Начало рассказа «Гуси-лебеди». С утра до вечера изо дня в день дожди, всех замучили. Слышал не раз от женщин, потерявших близких людей, что глаза у человека умирают раньше всего. А озеро, по-народному ведь это — глаза земли, вода раньше всего чувствует умирание света, и в то время, когда в лесу только начинается красивая борьба за свет, кроны
Дождь совсем измучил крестьян.
Приходила жена худ. Ященко: он умирает от рака, хирург Розанов жене это сказал («через месяц»). Надо навестить.
Больше меня ничего не растрогало и ничего я не придумал, только вспомнилась тень какой-то большой мысли (устанавливаю окончательно, что если какая-нибудь своя мысль приходила в голову и вдруг забылась — нечего вспоминать и жалеть, она непременно рано или поздно вернется). Эта мысль моя была о том, что сокровенный смысл всякого организма, его «герой» очень редко находится на переднем плане и потому огромная масса людей имеет некрасивый вид. Дело художника понять этого «героя», поставить его на передний план и через это сделать организм, каким он должен быть…
Крестьянская жизнь представляет собой большие или меньшие обломки какого-то огромного коллектива, в котором космос согласовался вполне с человеческим умом. Так, напр., все мы создали себе по Толстому и другим философам <из> жизни крестьянина образ гармоничной личности (Платон Каратаев), в которой его малое (материнское) вполне растворяется в большом мировом духовном. В действительной жизни крестьянина мы видим, наоборот, именно подчинение личности человека хозяйственно-материальному остатку некогда вероятно существовавшего коллектива. Сплошь и рядом видим мы у крестьянина, как человек губит свою жизнь или чужую, спасая лошадь или корову. При скудости, бедности это наивное бытие некоторых объевшихся плодами просвещения может умилять. Но когда крестьянину становится лучше и он индивидуально начинает пользоваться обрывками этой коллективной морали, то из человеческой личности выходит нечто чудовищное (это есть и у евреев).
Крестьянская женщина всегда имеет в себе обломки этой морали исчезнувшего коллектива, каждая крестьянская женщина представляет микрокосм государства. Вот «интеллигентское сознание» с его культом «человека» и есть как раз обратное этому культу коровы, лошади, овцы, телеги и т. п.
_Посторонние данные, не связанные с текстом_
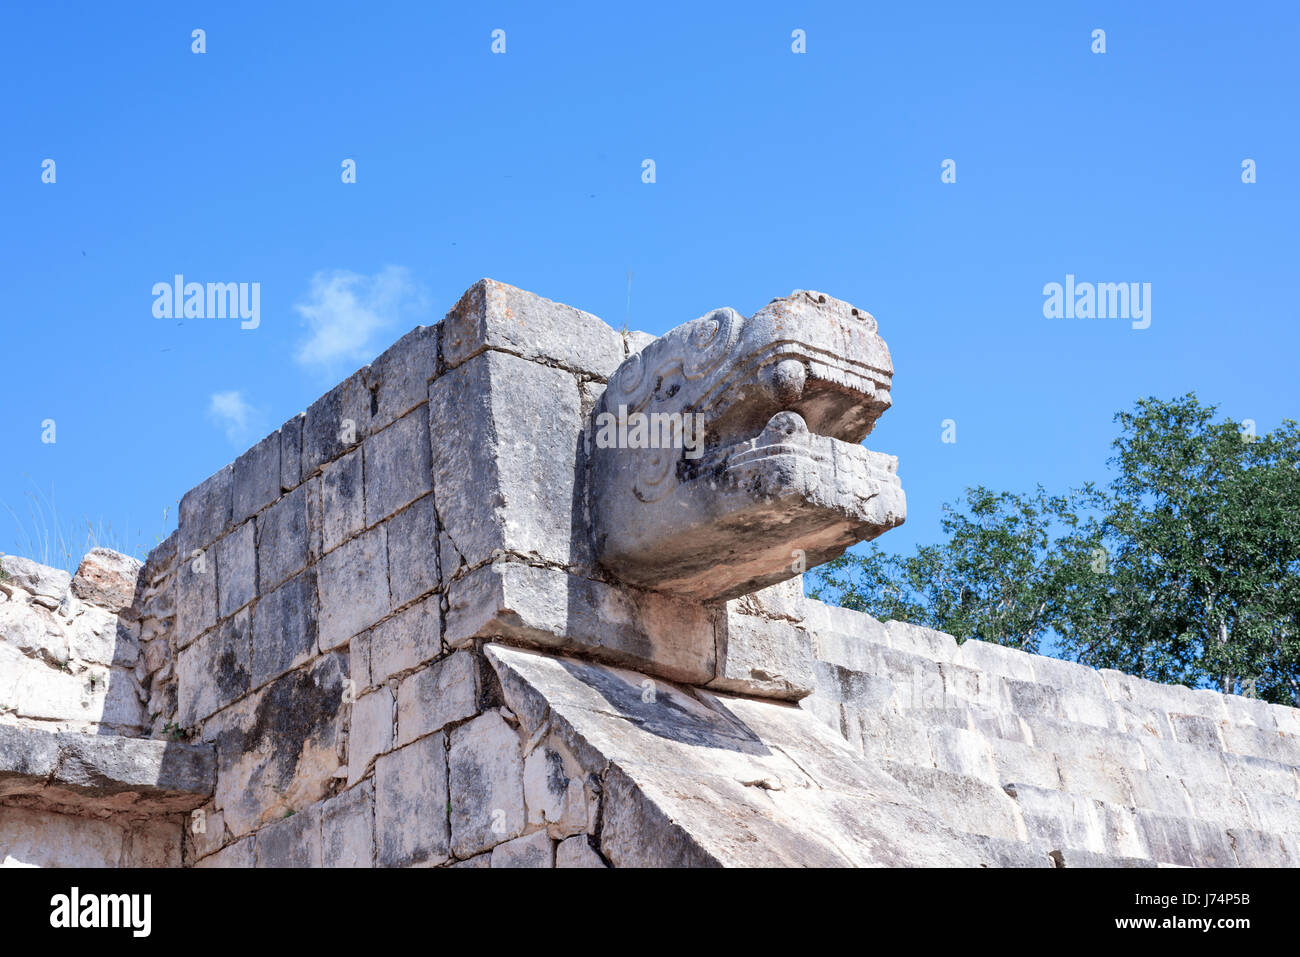 upward view of the stone jaguar head statue at the Platform of the Eagles and Jaguars in Mayan Ruins of Chichen Itza, Mexico Stock Photo

Но надо, конечно, знать, что устремление крестьянского общества к материальному за счет человеческой личности вовсе не исключает возможности проявления человеческих чувств, когда спадает власть хозяйства, и человек остается лицом к лицу с человеком (хозяин и работник). Тогда явление сострадания, милосердия и любви в грубой обстановке выступают особенно контрастно и особенно убеждают нас.
Вот это именно и привлекало к себе русскую интеллигенцию, об этом именно столько рассказывал сам Глеб Успенский и другие святые народники. Это удерживало меня возле Павловны, за это я столько лет прощал ей многое. С другой стороны, вопреки всему этому доброму и прекрасному, ее способность в хозяйстве просто забывать совсем о человеке, для которого оно и ведется — терзает ежедневно
Служащий из Гиза рассказывал, что из-за «5-дневок» при «непрерывке» их комиссия по службе не может больше встретиться и собраться: «гуляют» ведь теперь в разное время. Все это было бы очень занятно, если бы отвечало какому-то органическому переустройству жизни, теперь же все очень похоже на «как ни садитесь»… и проч.
Раньше эпитет «государственный» в отношении ума чрезвычайно был сильным и, казалось, не было большего возвышения, если сказать «государственный ум». С тех пор как, однако, была объявлена перспектива о кухарке, управляющей государством, мало-помалу эпитет «государственный» потерял свое обаяние. Даже напротив. У нас в писчебумажном магазине развешаны громадные портреты наркомов и писателей. Сталин попал между Толстым и Гоголем и через это очень напоминает собой почему-то царя Николая 1-го: тоже такие откровенно-«государственные» глаза.